= Requirement =
Write out the lines of the material below exactly, beginning at the line with "重庆哪里有流水线工作台厂家定制?重庆服装流水线批发,重庆流水线工作台哪家便宜?" and stopping after the line with "Inflatable floating bed", and leave out the pictures.

= Input for this task =
****

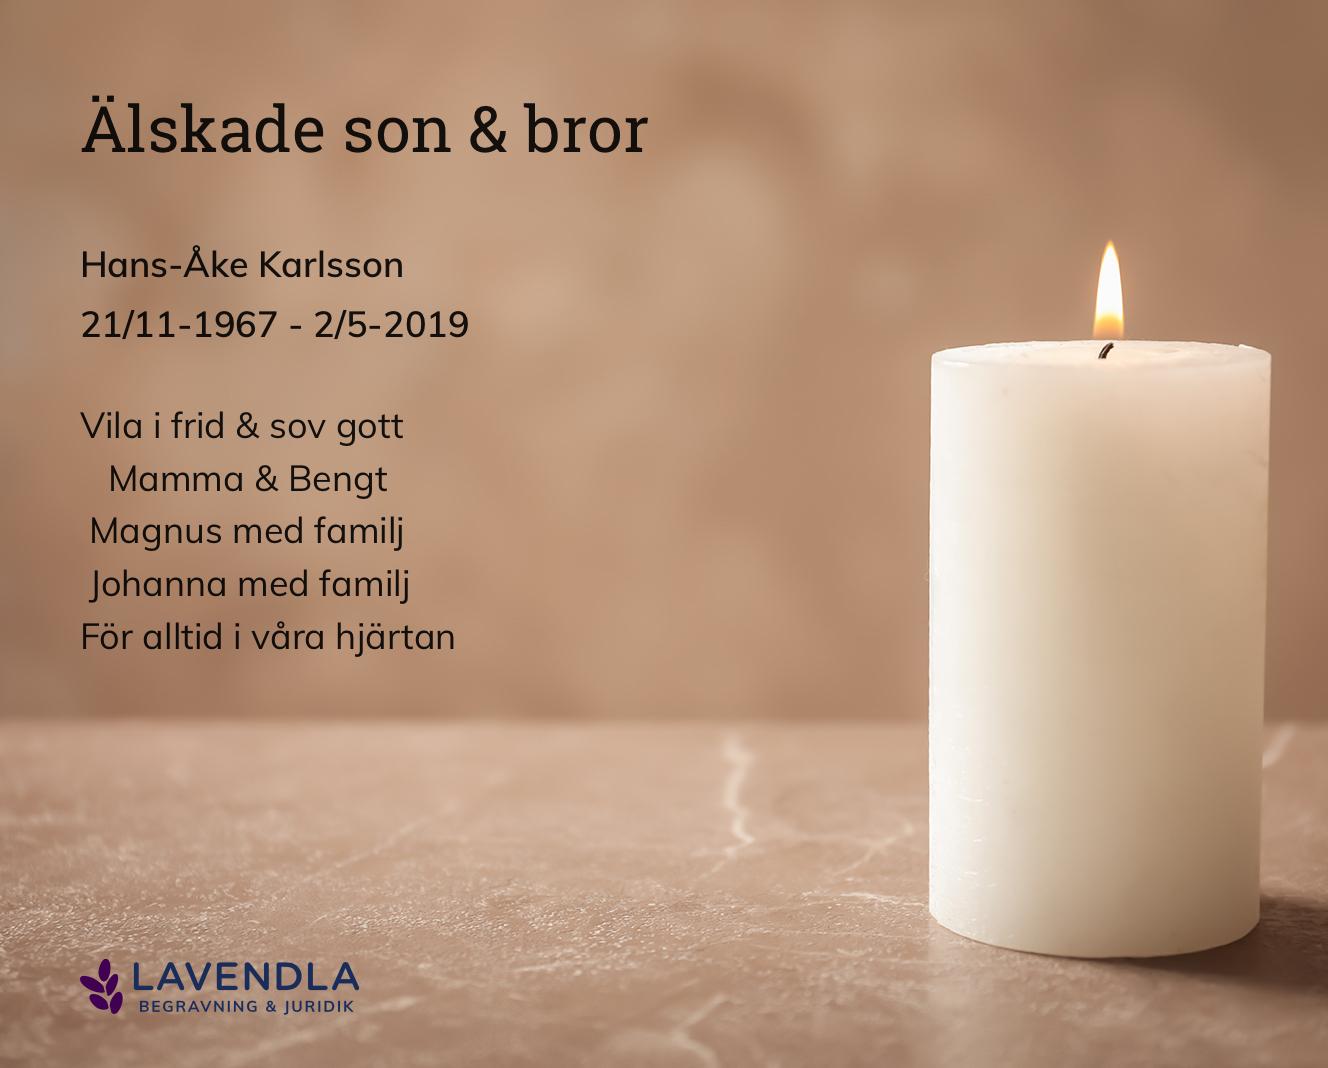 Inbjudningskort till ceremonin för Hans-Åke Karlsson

****

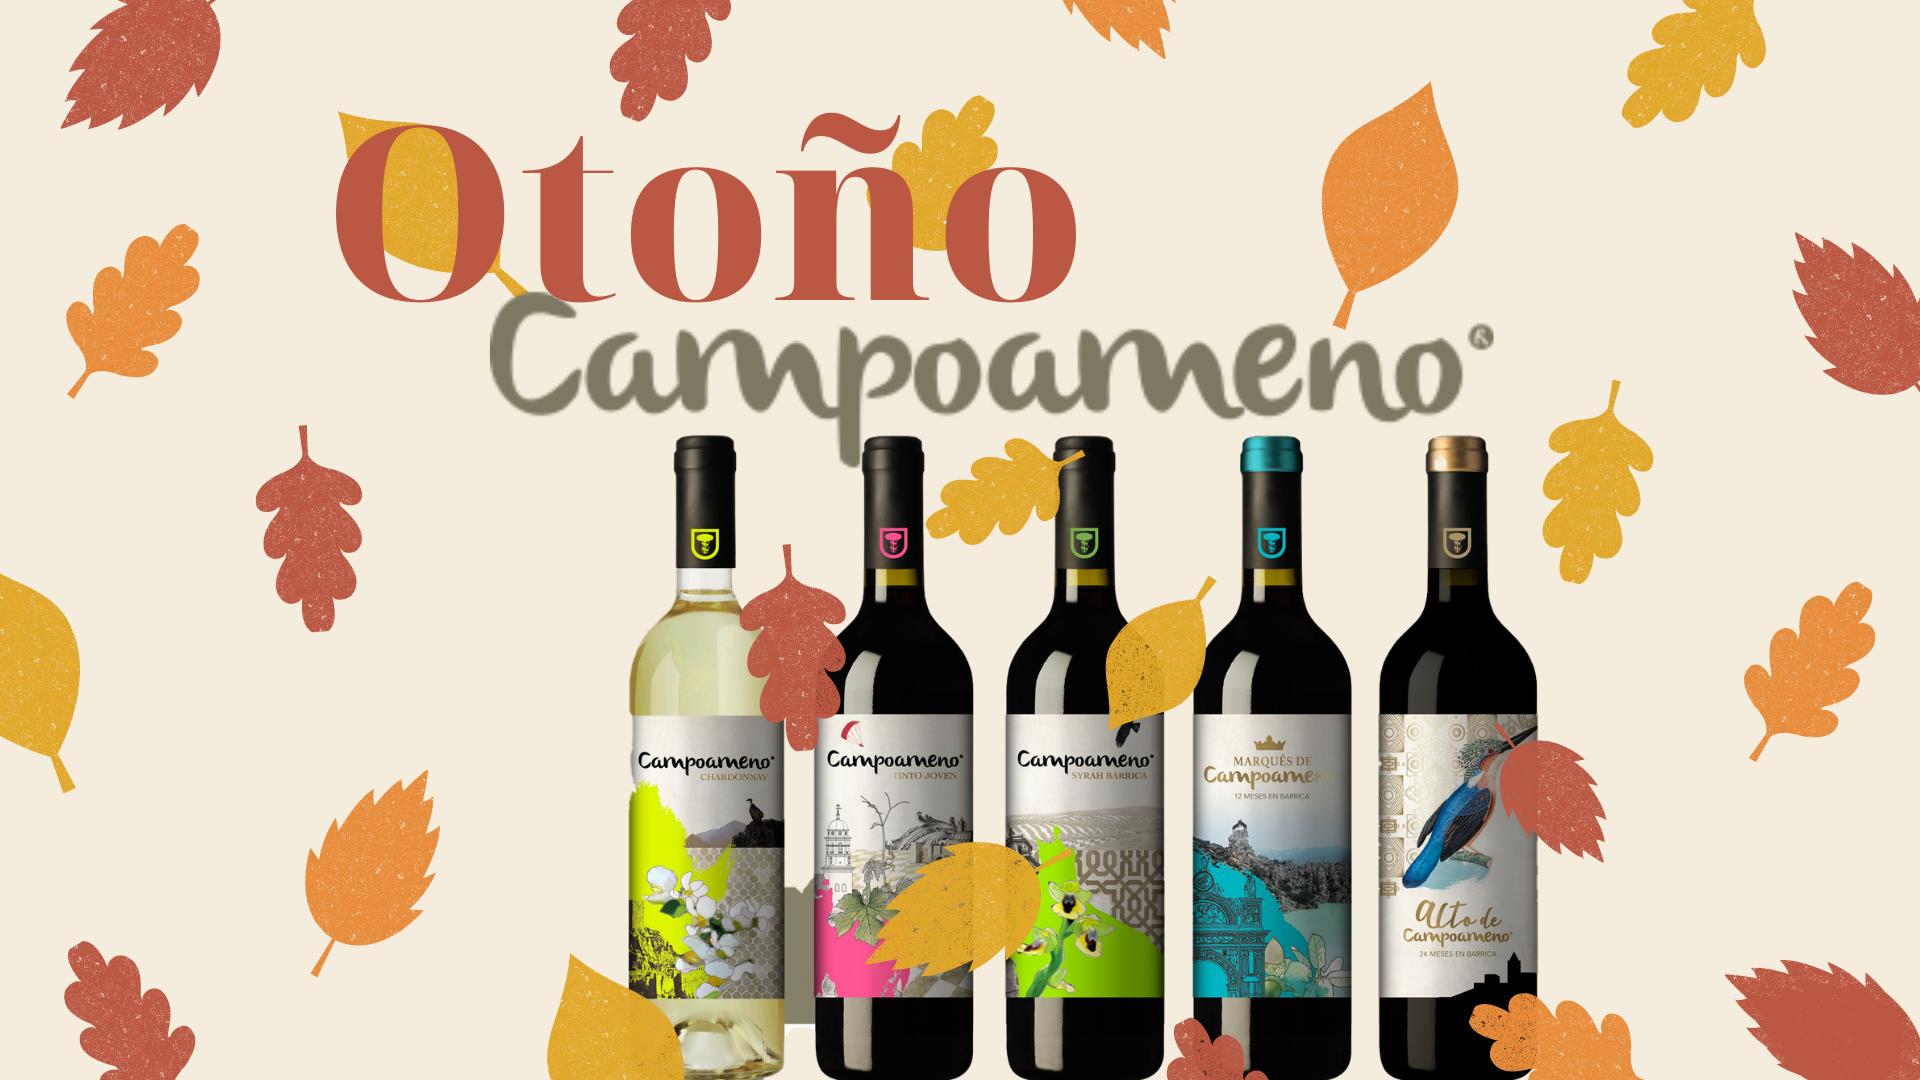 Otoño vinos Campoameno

****

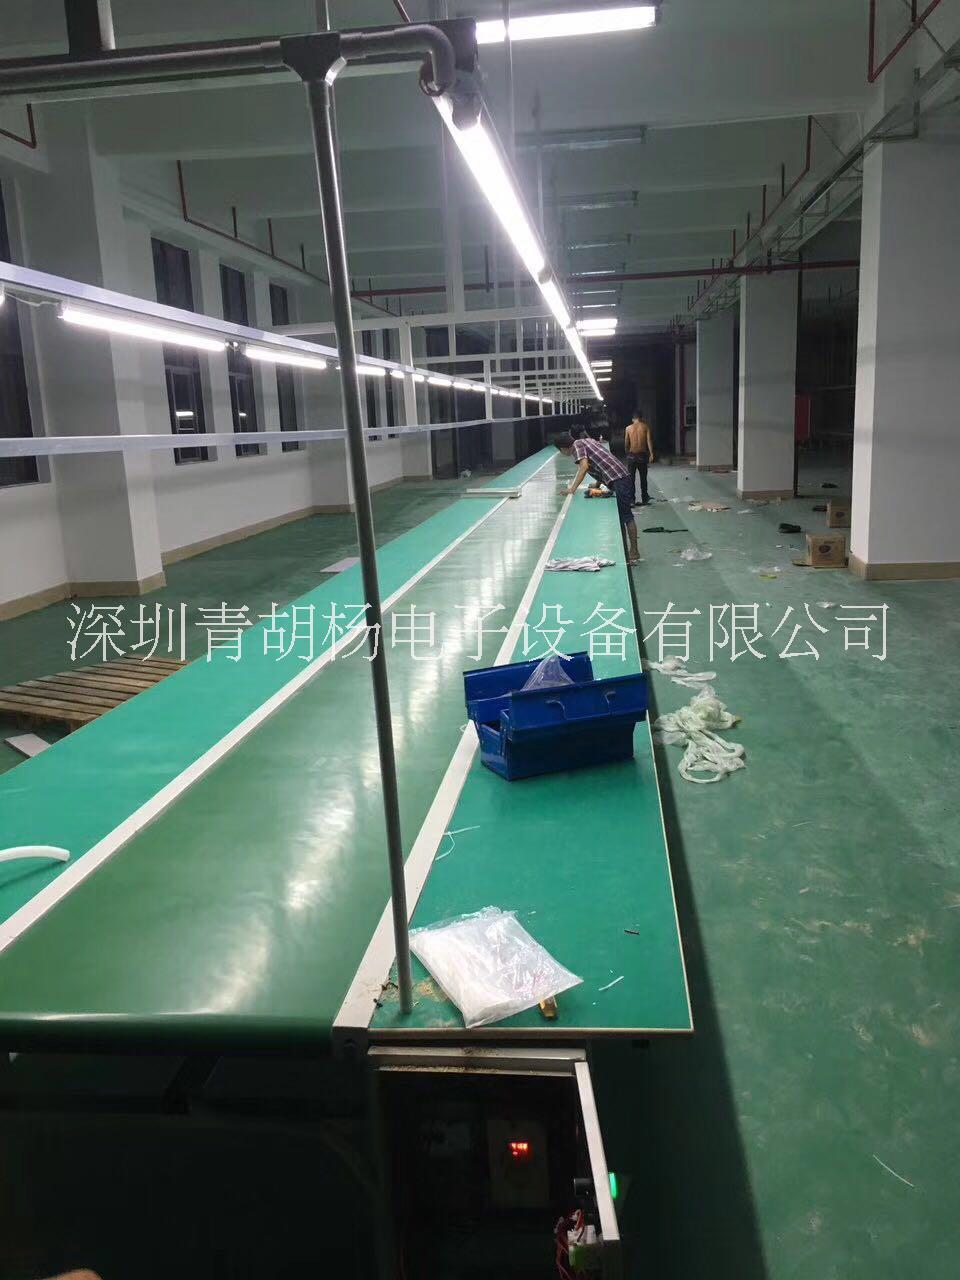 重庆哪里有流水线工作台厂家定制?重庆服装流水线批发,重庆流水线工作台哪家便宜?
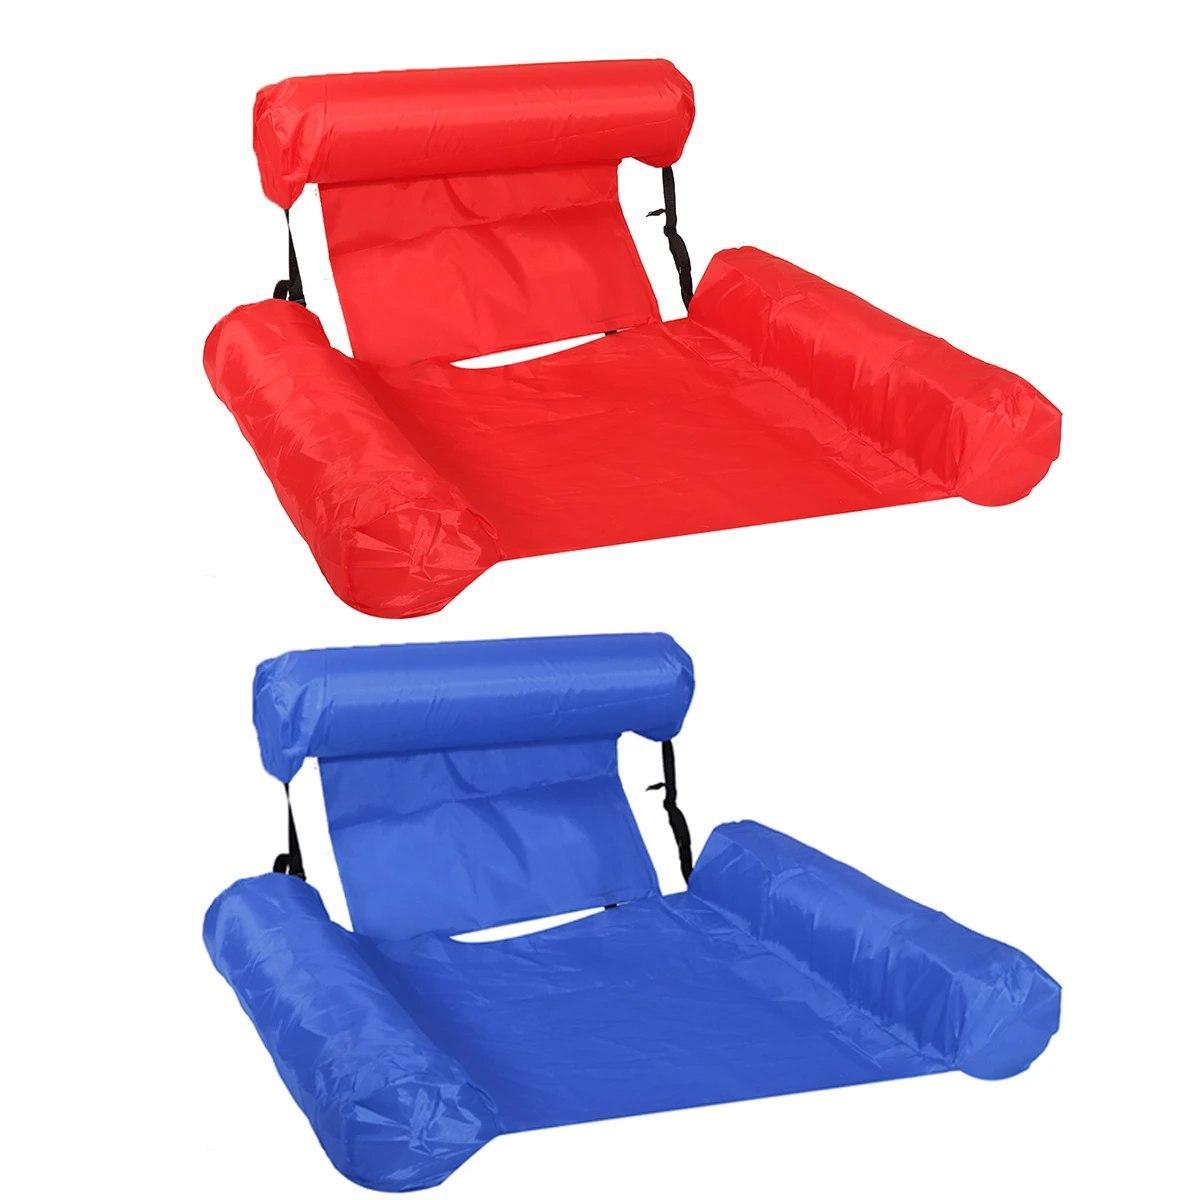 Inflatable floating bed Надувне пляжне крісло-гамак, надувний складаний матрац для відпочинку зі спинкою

****

= Output for this task =
 重庆哪里有流水线工作台厂家定制?重庆服装流水线批发,重庆流水线工作台哪家便宜?
 Inflatable floating bed Надувне пляжне крісло-гамак, надувний складаний матрац для відпочинку зі спинкою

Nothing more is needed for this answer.